(Data block Opens)

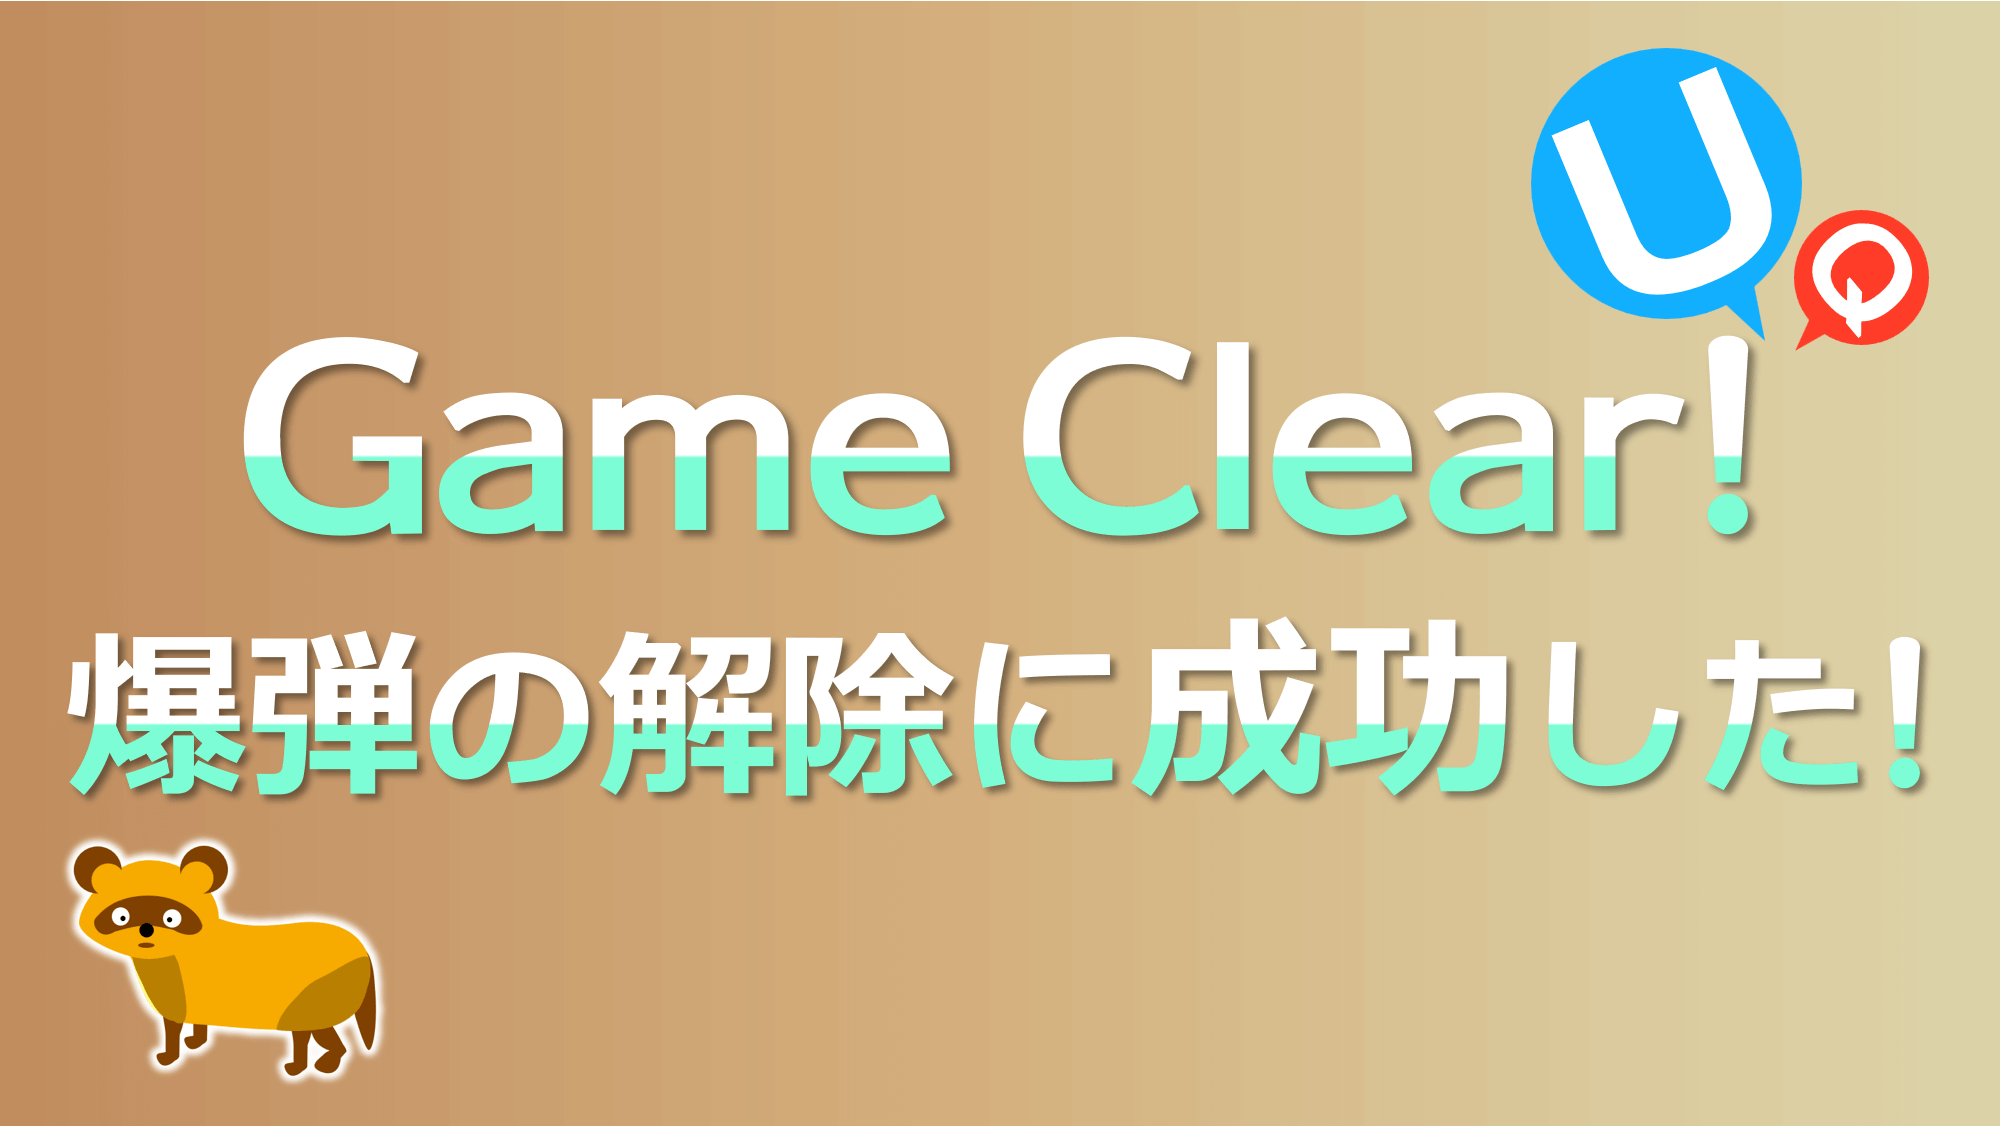 Game Clear!
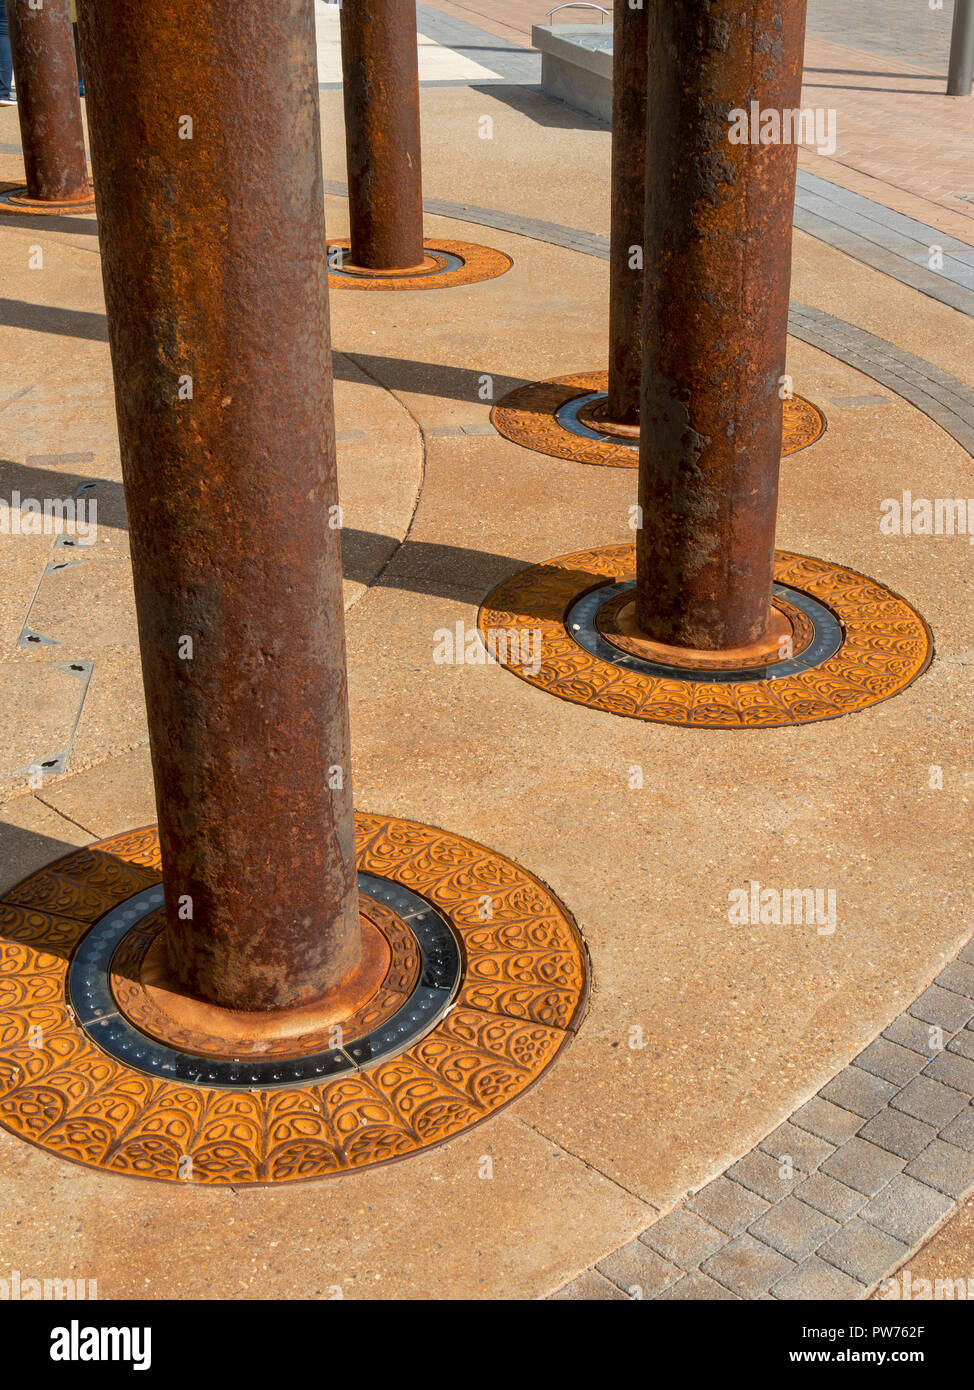 Detail of Golden Spiral sculpture made from cast iron columns salvaged from the old West Pier, Brighton Promenade Piazza, East Sussex, England, UK Stock Photo
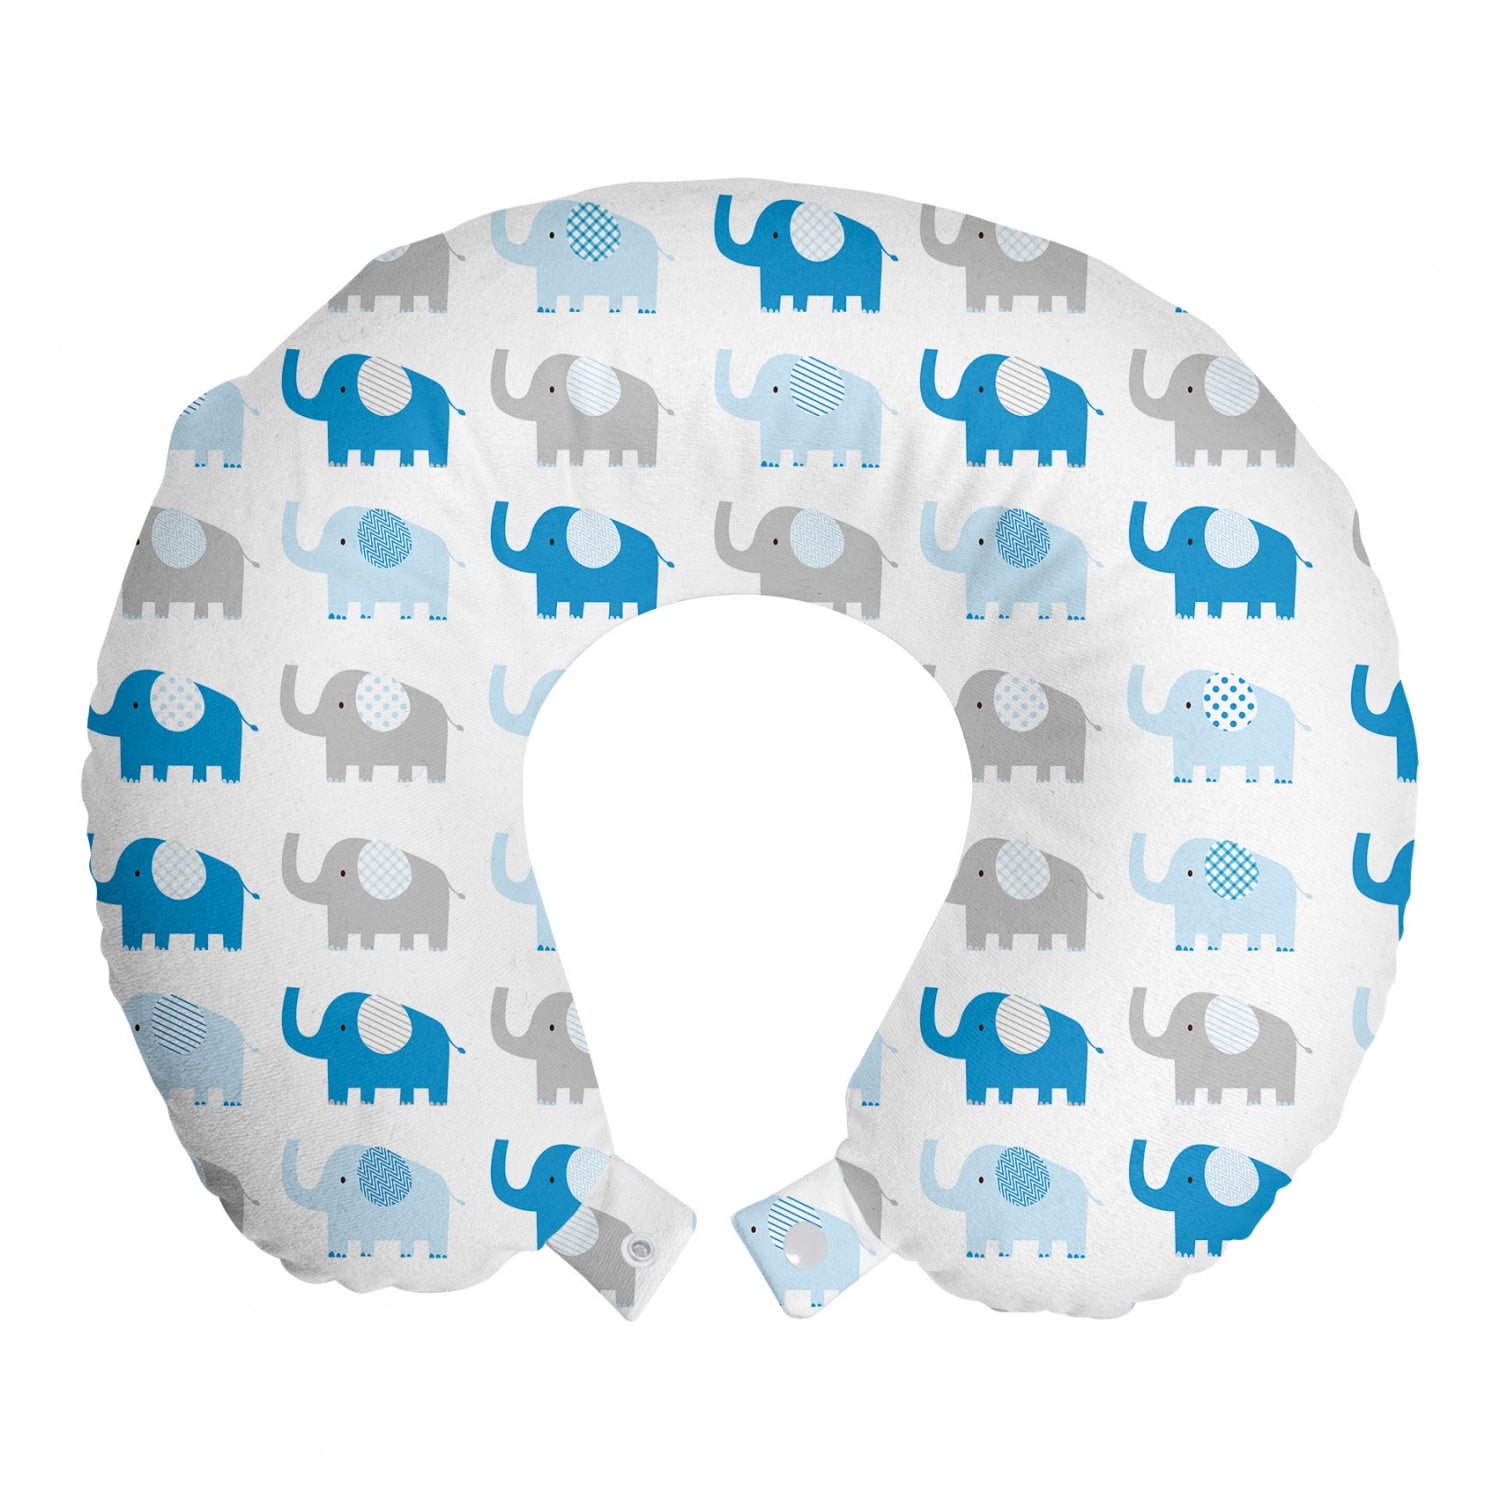 Travel Neck Pillow For Kids Support Neck Cushion For Car Accessories And Camping Essentials Travel Accessories Pillows For Sleeping Outdoor Cushions Elephant

(Data block Closes)

Leaving aside every picture, transcribe exactly the lines that run from the one with "Detail of Golden" to the close of the listing above.

 Detail of Golden Spiral sculpture made from cast iron columns salvaged from the old West Pier, Brighton Promenade Piazza, East Sussex, England, UK Stock Photo
 Travel Neck Pillow For Kids Support Neck Cushion For Car Accessories And Camping Essentials Travel Accessories Pillows For Sleeping Outdoor Cushions Elephant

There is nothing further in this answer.